Task to complete: Please repeat the listing below exactly, but do not include its pictures.

Data:
Start of Block
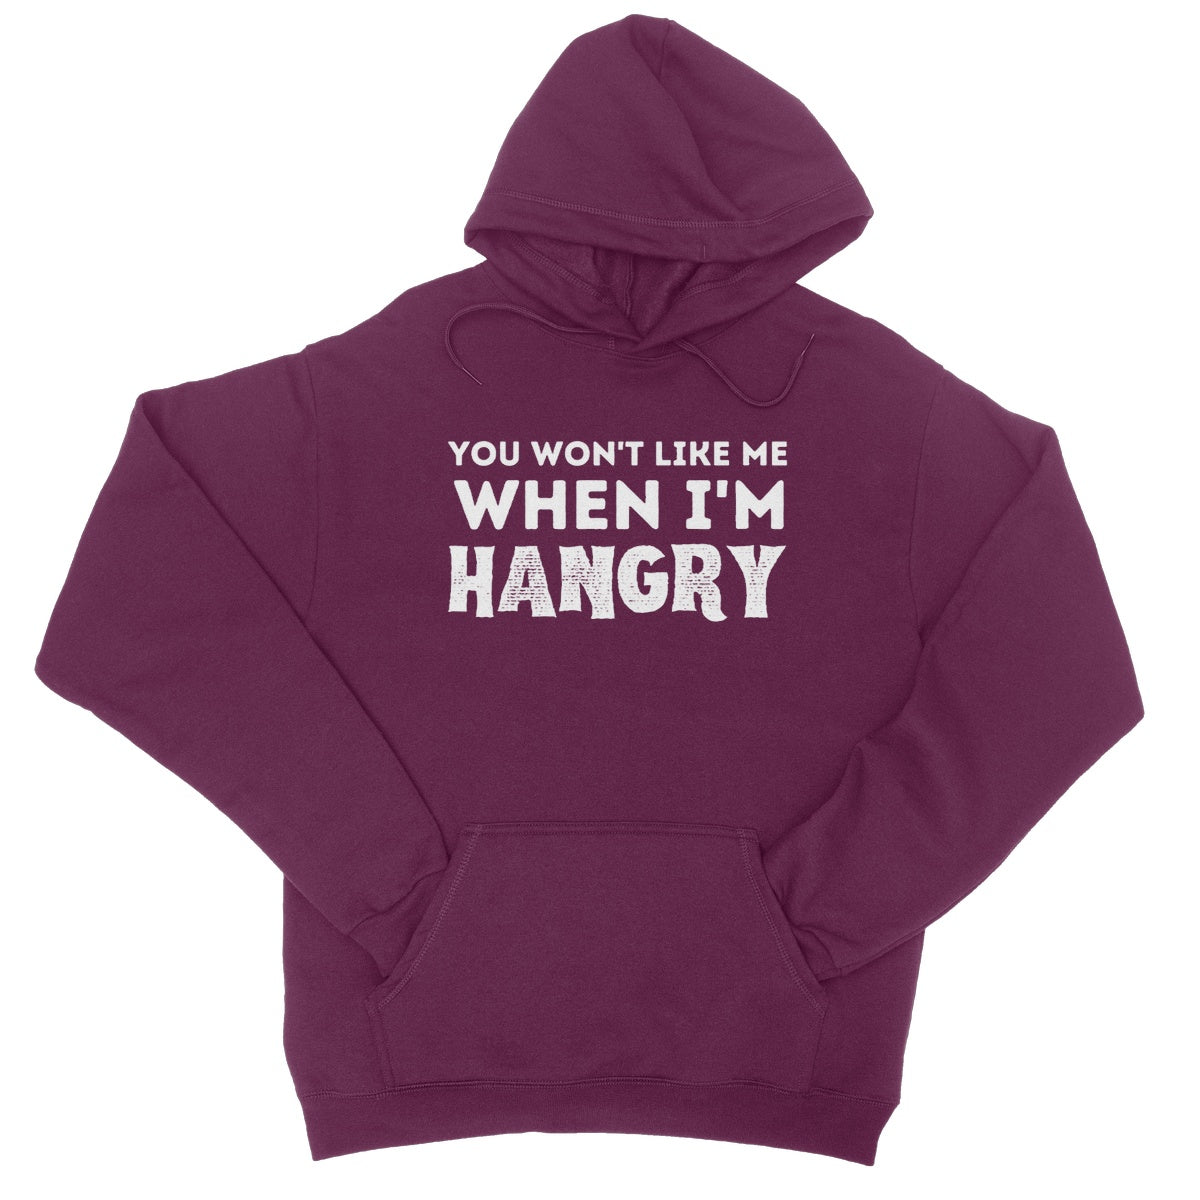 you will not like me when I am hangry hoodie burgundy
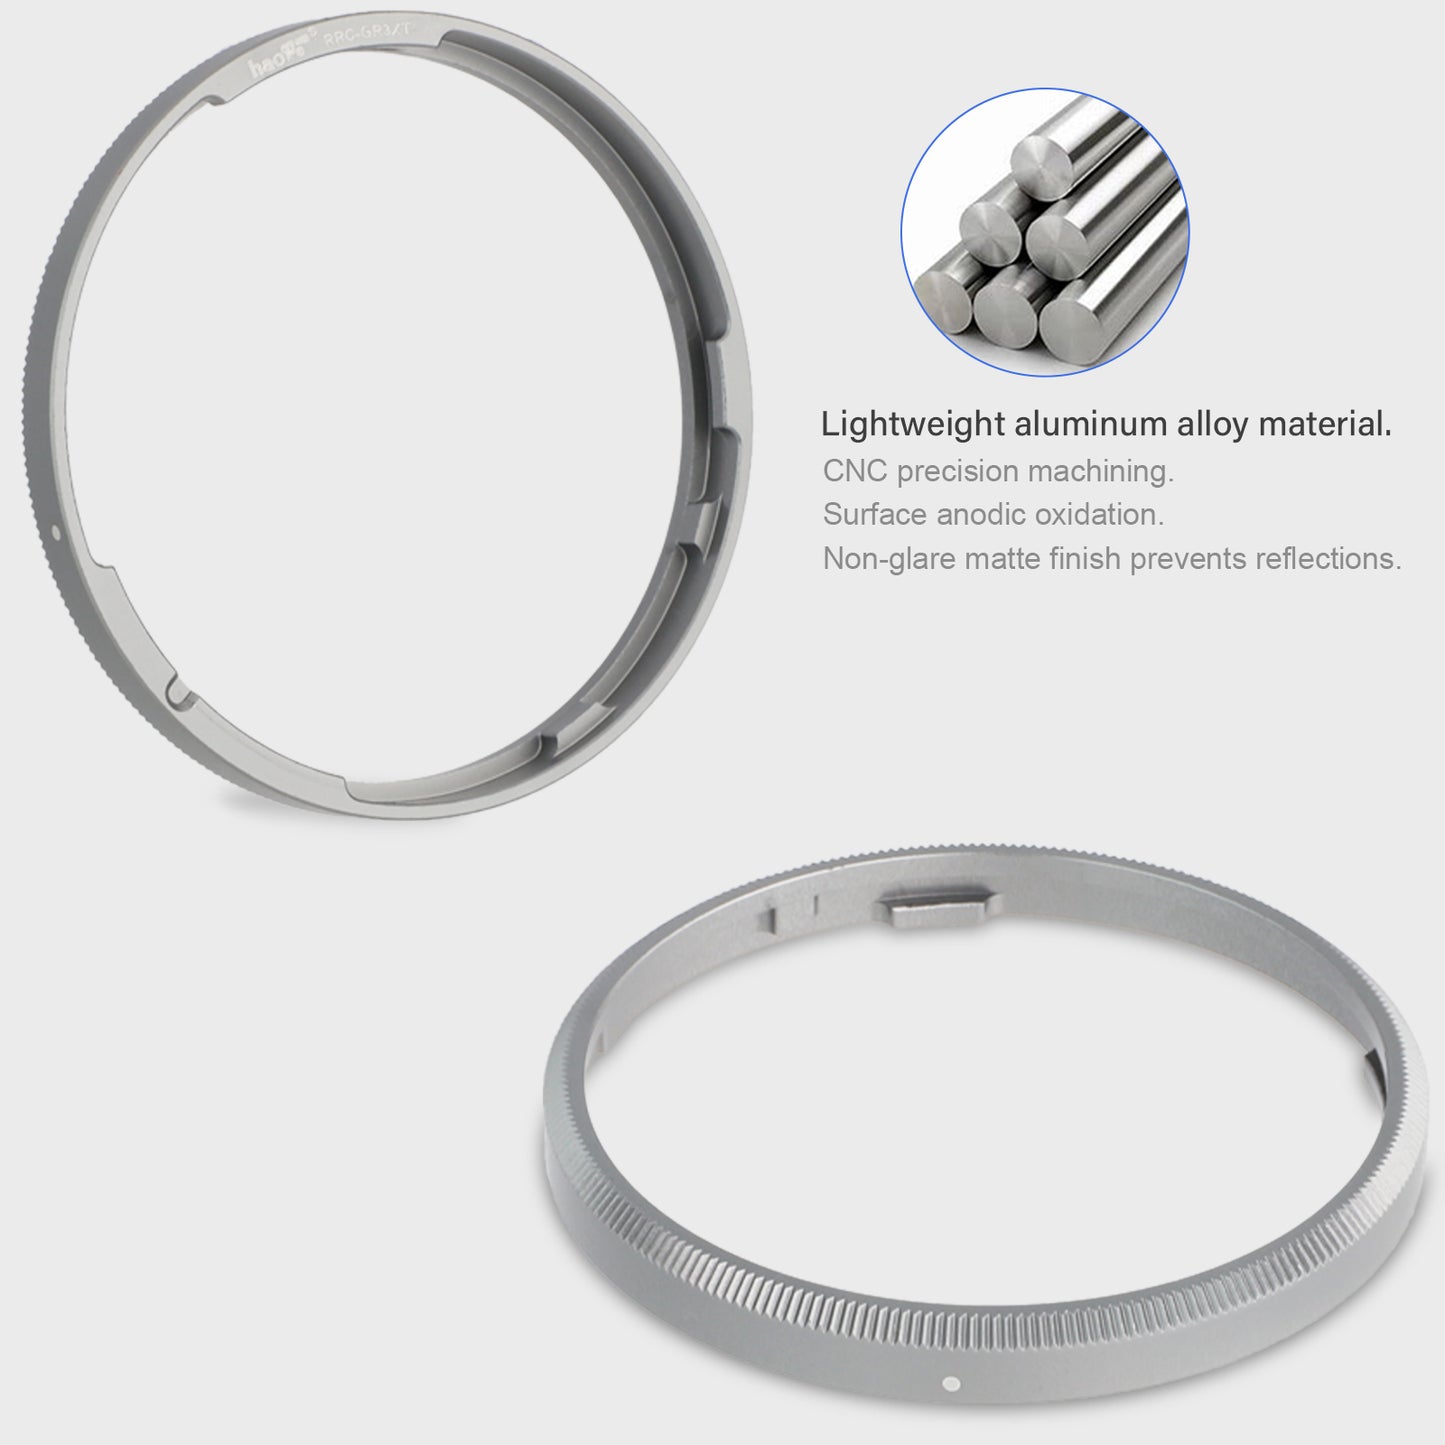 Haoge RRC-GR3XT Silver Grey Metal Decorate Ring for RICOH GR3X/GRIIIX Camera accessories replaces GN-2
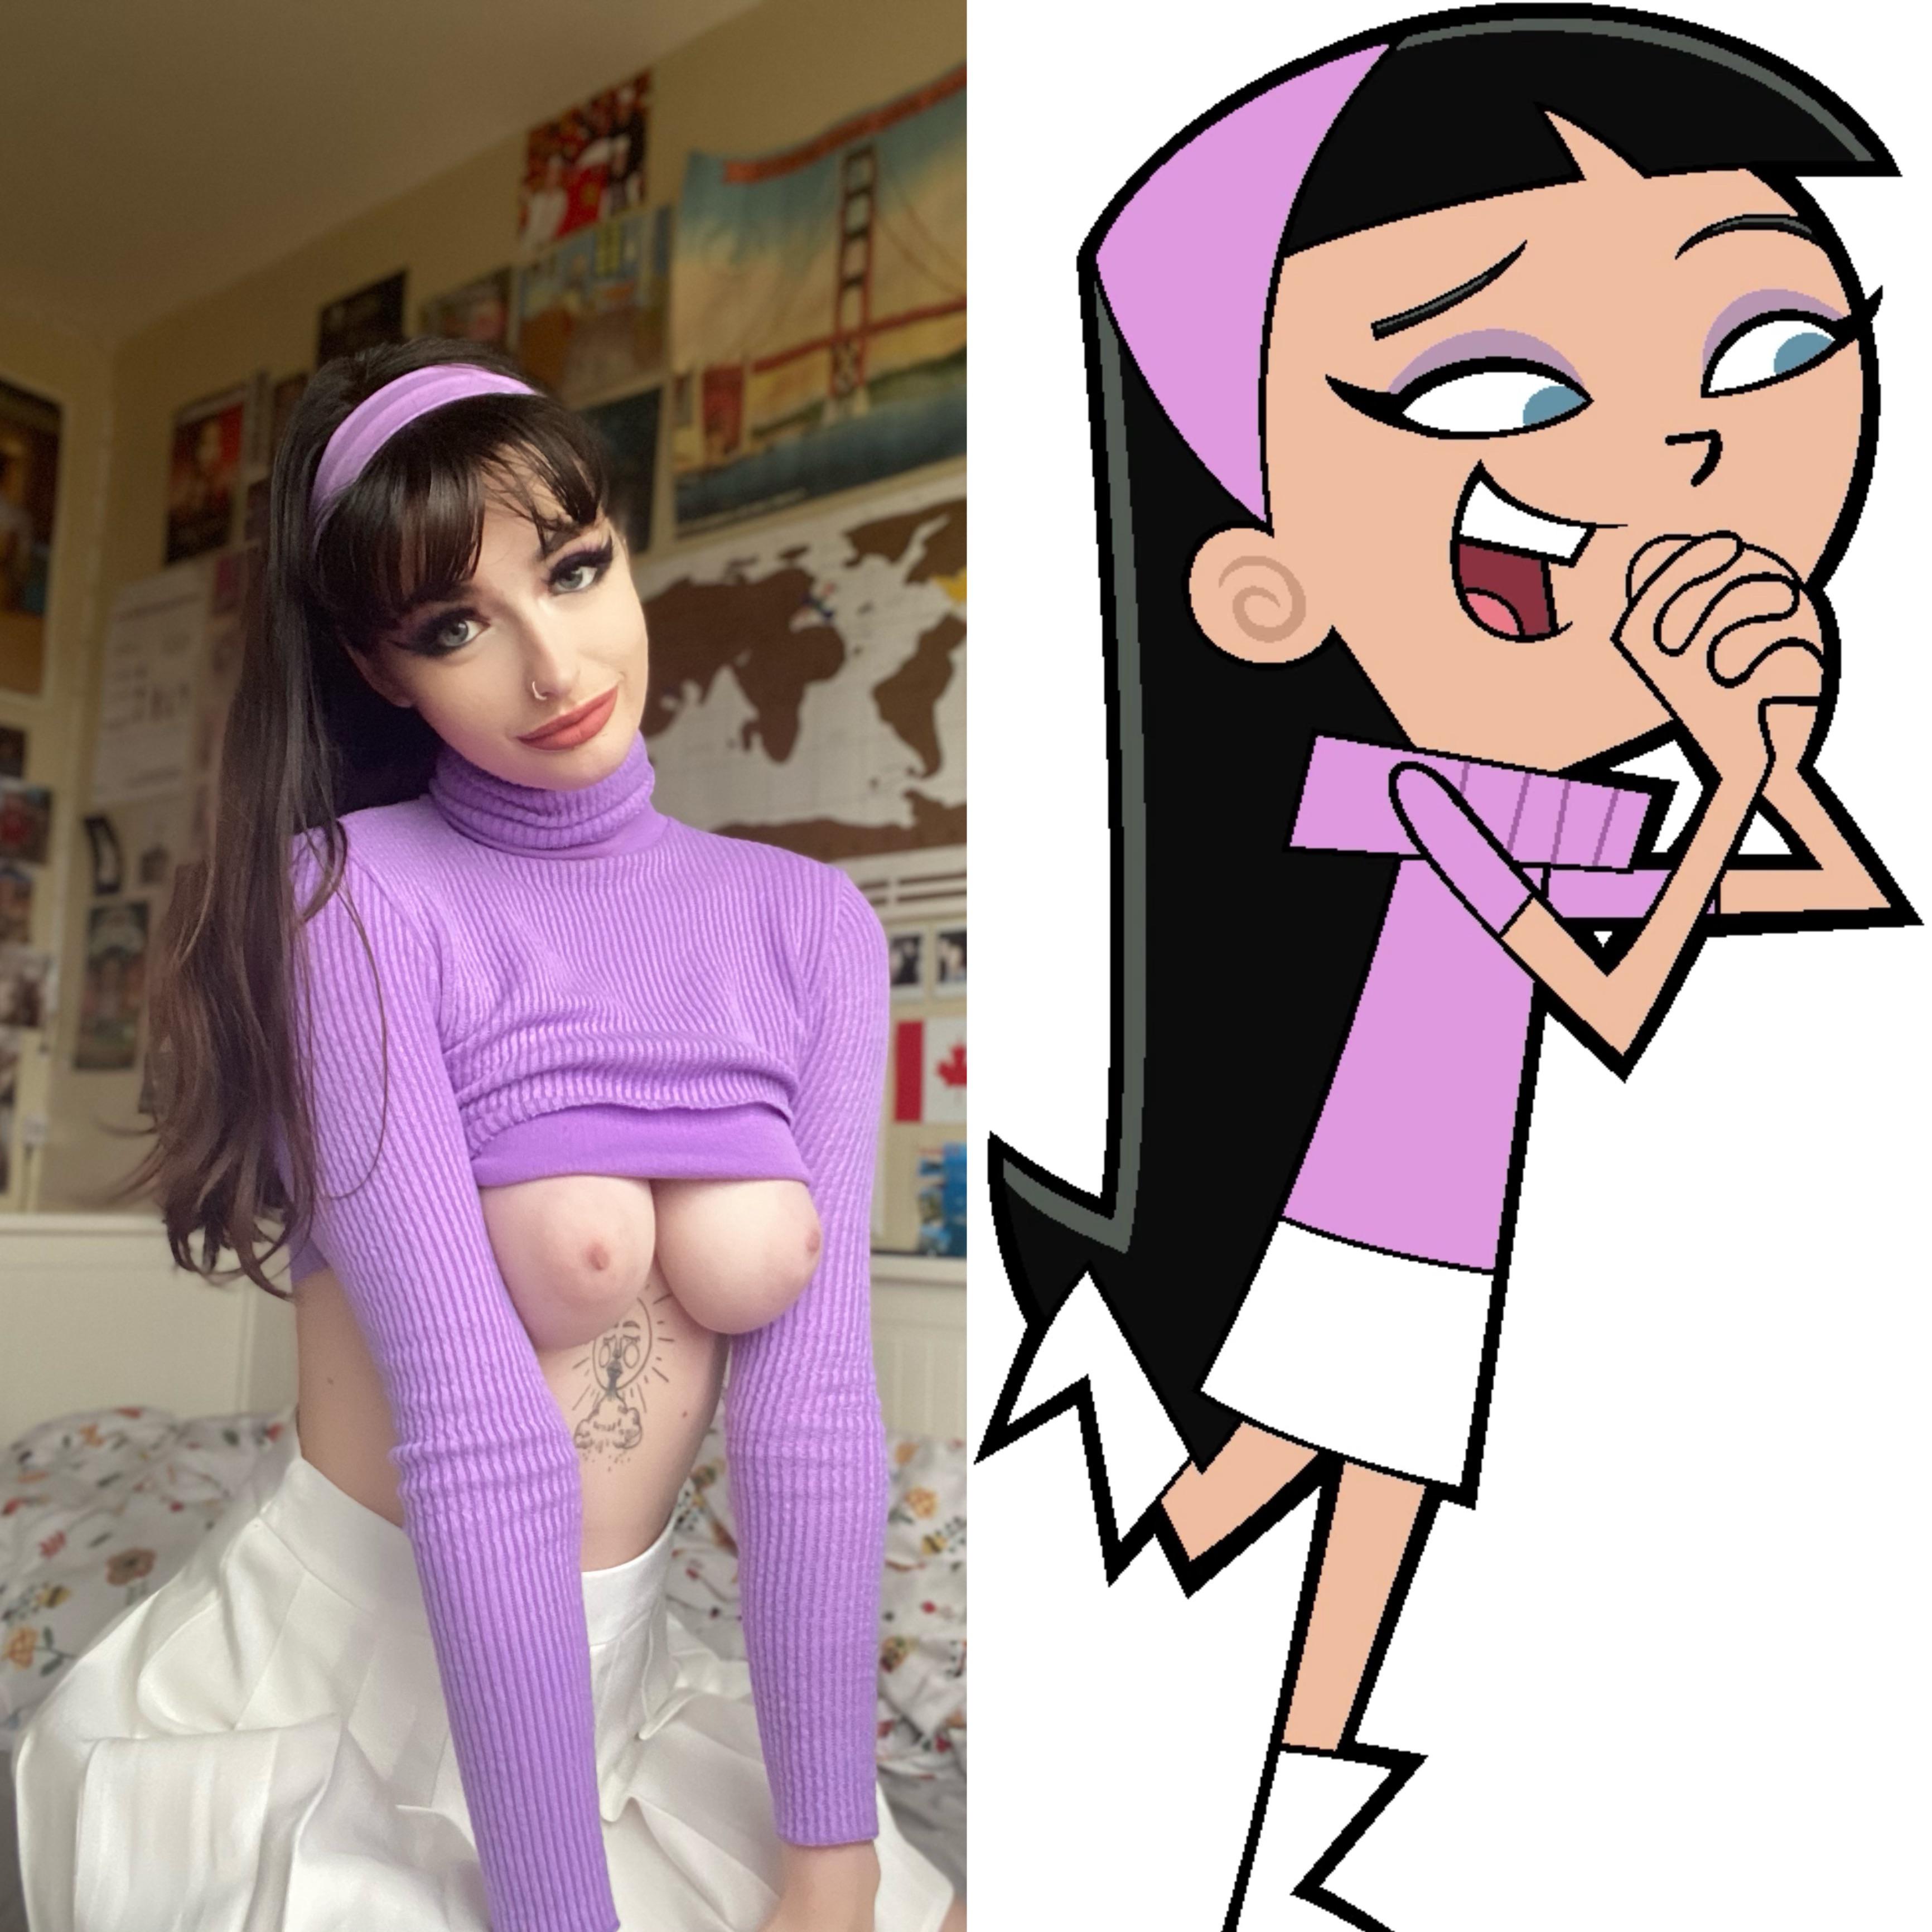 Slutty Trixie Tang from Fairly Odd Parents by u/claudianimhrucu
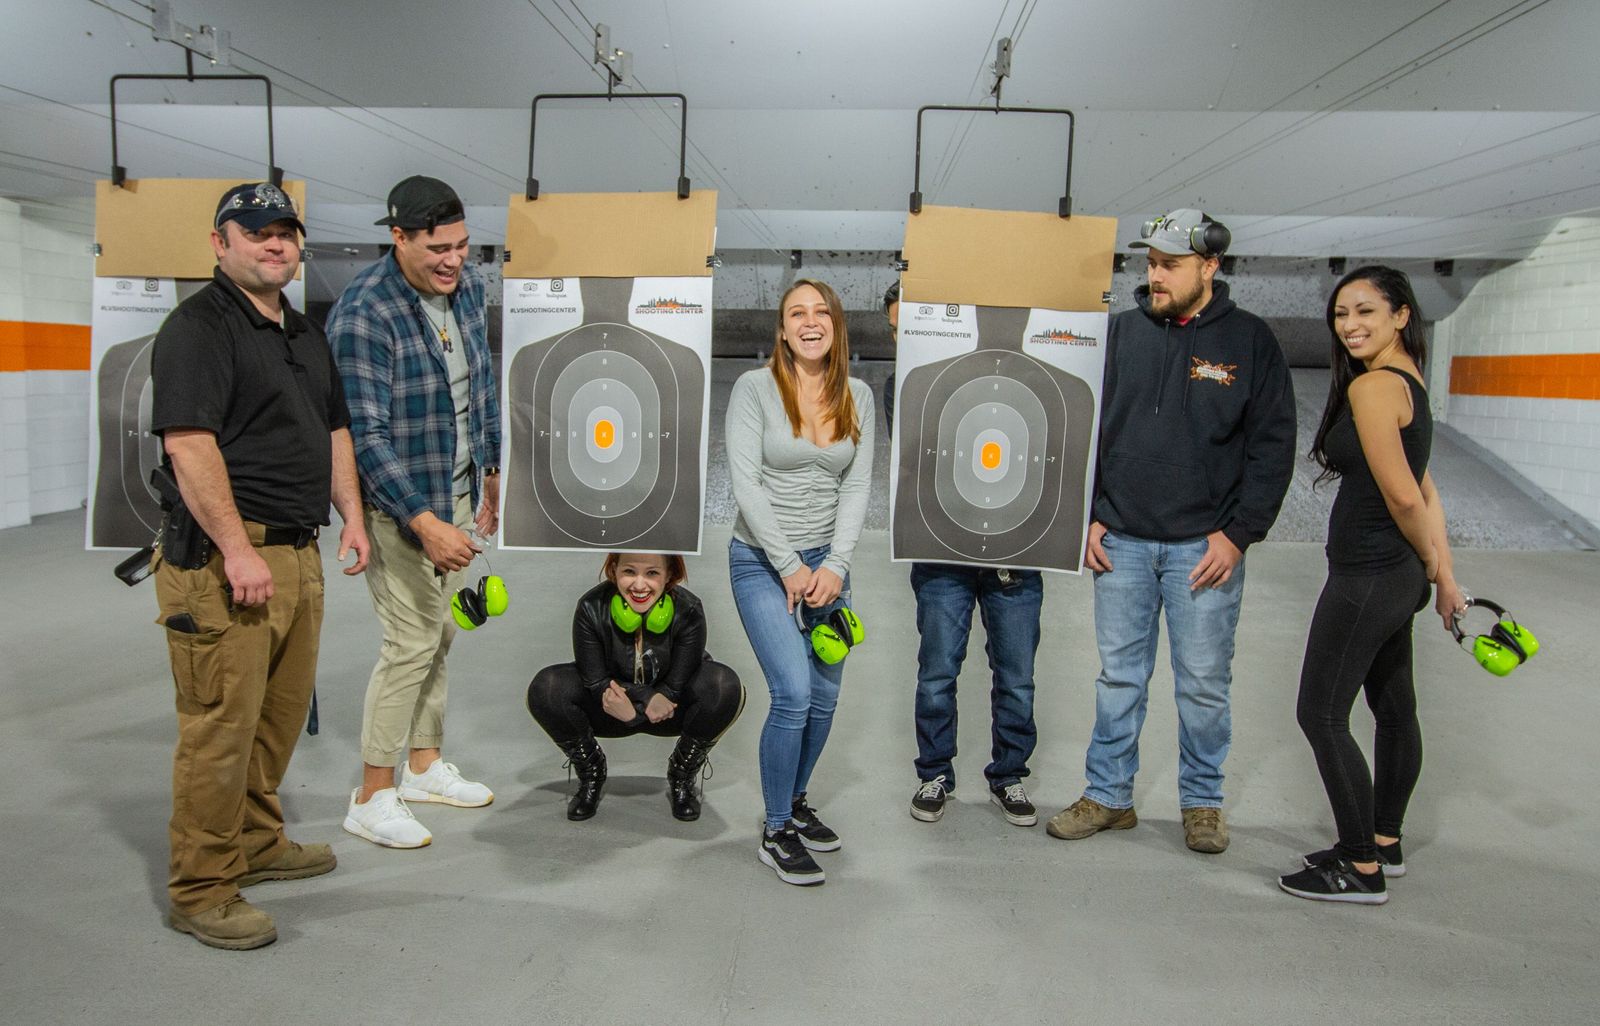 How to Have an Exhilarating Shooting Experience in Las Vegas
End of Block
Task response:
 you will not like me when I am hangry hoodie burgundy
 Haoge RRC-GR3XT Silver Grey Metal Decorate Ring for RICOH GR3X/GRIIIX Camera accessories replaces GN-2
 Slutty Trixie Tang from Fairly Odd Parents by u/claudianimhrucu
 How to Have an Exhilarating Shooting Experience in Las Vegas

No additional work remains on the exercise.